Hi,
I'm observing some unexpected behavior related to memory usage when deleting a large number of relationships.
For demonstration purposes, let's say I'm deleting ~20 million of relationships on a neo4j container with max heap configured to 800mb using the following cypher:
CALL apoc.periodic.iterate("MATCH (n:Node)-[r]->() RETURN r", "DELETE r", {batchSize:1000})
Observing the heap usage when this is running:
You can see there's linear growth until eventually running out of memory at 800mb. Now, after some profiling and reading I concluded the reason for this could be that neo4j is keeping an array of IDs of deleted relationships in memory until the transaction finishes. I would expect this to happen every "batchSize", but it appears it lasts until the procedure call completes. Another reason could also be that the match statement is accumulating the results faster than we're able to delete them and it's keeping them in memory. It would be great if someone could confirm this is indeed the reason for the growth.
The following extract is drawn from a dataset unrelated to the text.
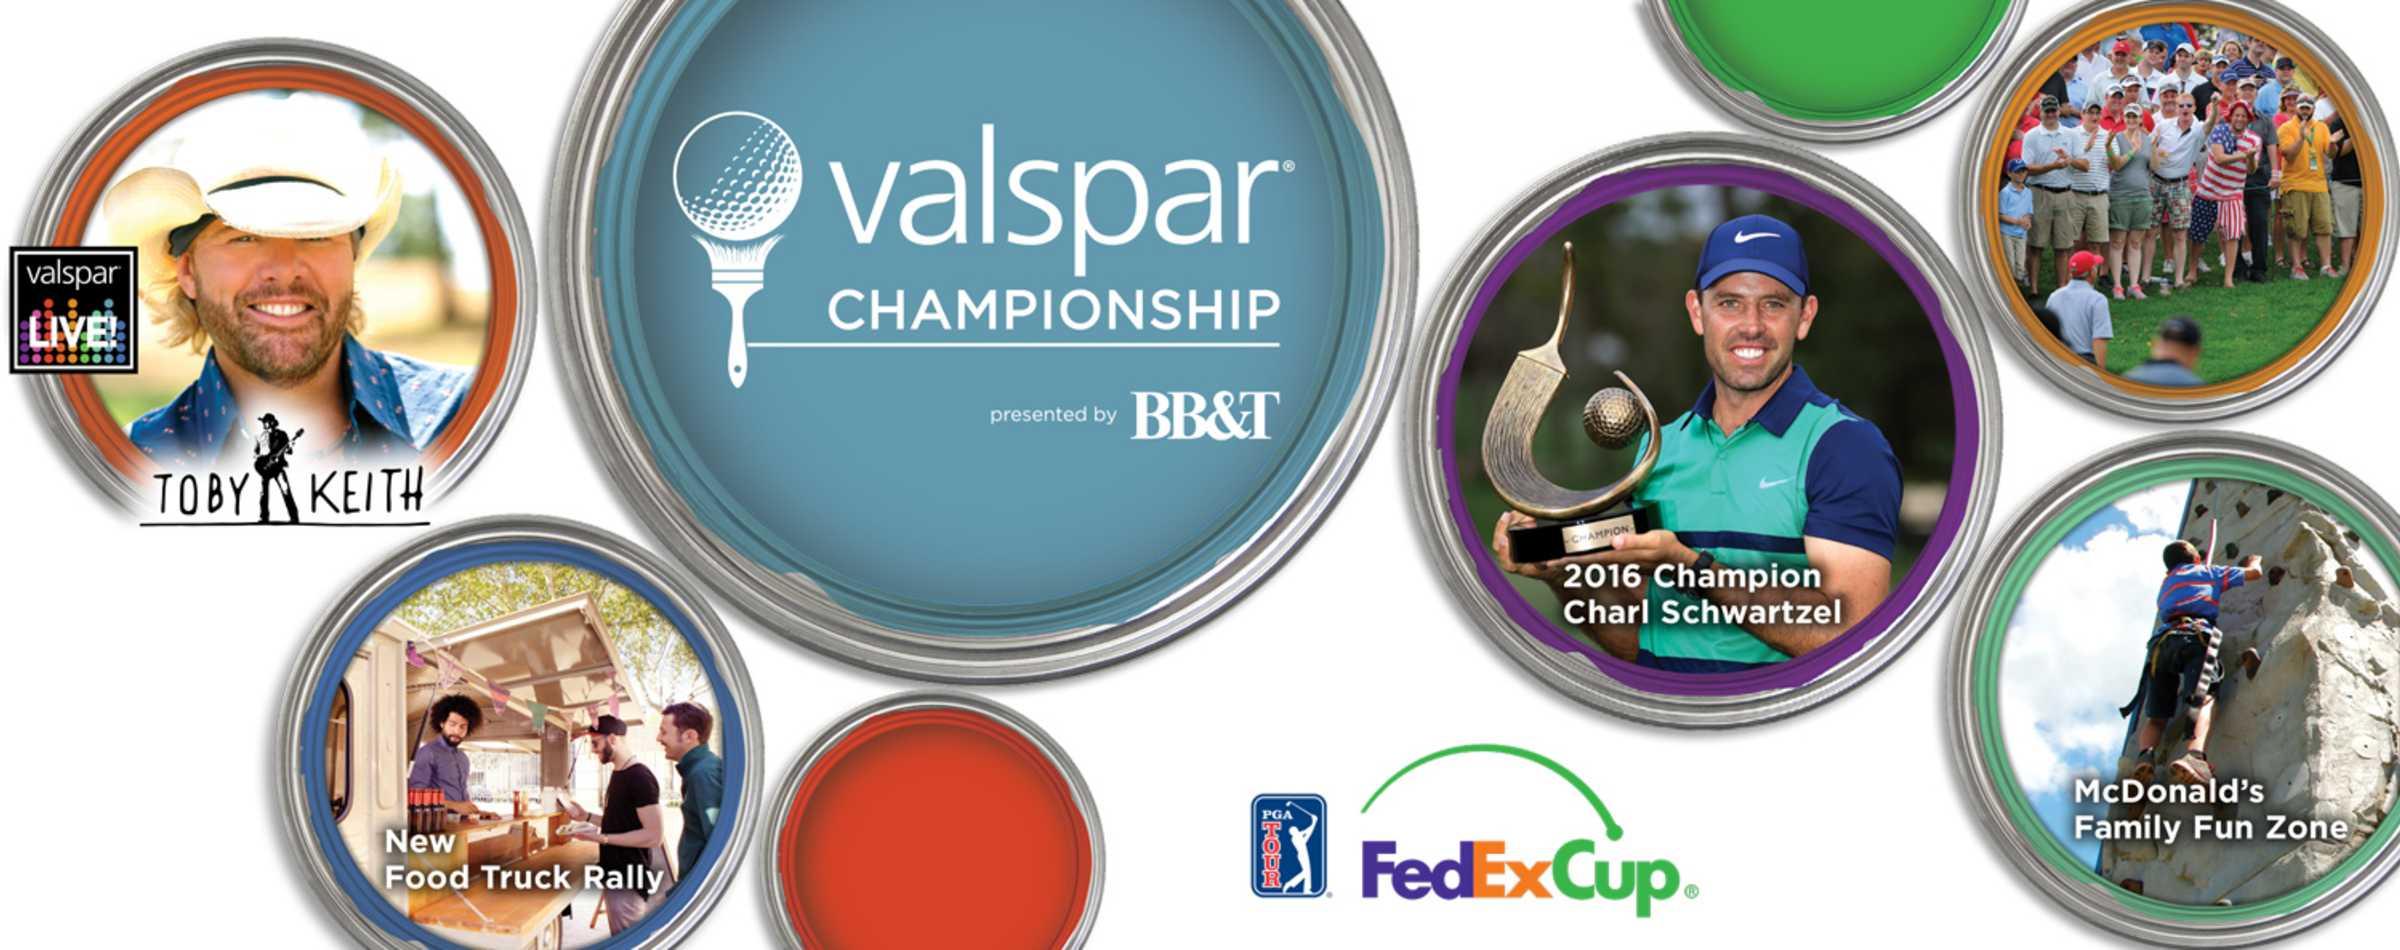 Valspar Championship 2017

Now, I've found a way around that issue by doing another level of "batching" around the procedure call to allow neo4j to do whatever cleanup is needed between the calls:
for hasMore := true; hasMore; {
committed, _ := session.Run("CALL apoc.periodic.iterate('MATCH (n:Node)-[r]->() RETURN r LIMIT 1000000', 'DELETE r', {batchSize:1000})", nil)
hasMore = committed >= 1000000
}
This results in a more stable memory usage and a successful delete.
This has been working fine, until I observed another OOM recently, this time even when using the improved approach. Since there could be other transactions (but not related to nodes and relationships from the delete query) running at the same time, I tested the previous approach with running apoc.util.sleep() at the same time as deletes are happening. This time, memory usage is again similar to initial approach and results in OOM.
Could this mean that neo4j is holding to something internally (presumably the IDs of deleted nodes) as long as there is any transaction running?
Keep in mind that heap size and the number of relationships are set this way so it's easier to reproduce. Initially the same behaviour was observed when deleting 1.5 billion edges on a neo4j container with 32g heap. Running neo4y 4.4.29 community and apoc 4.4.0.22.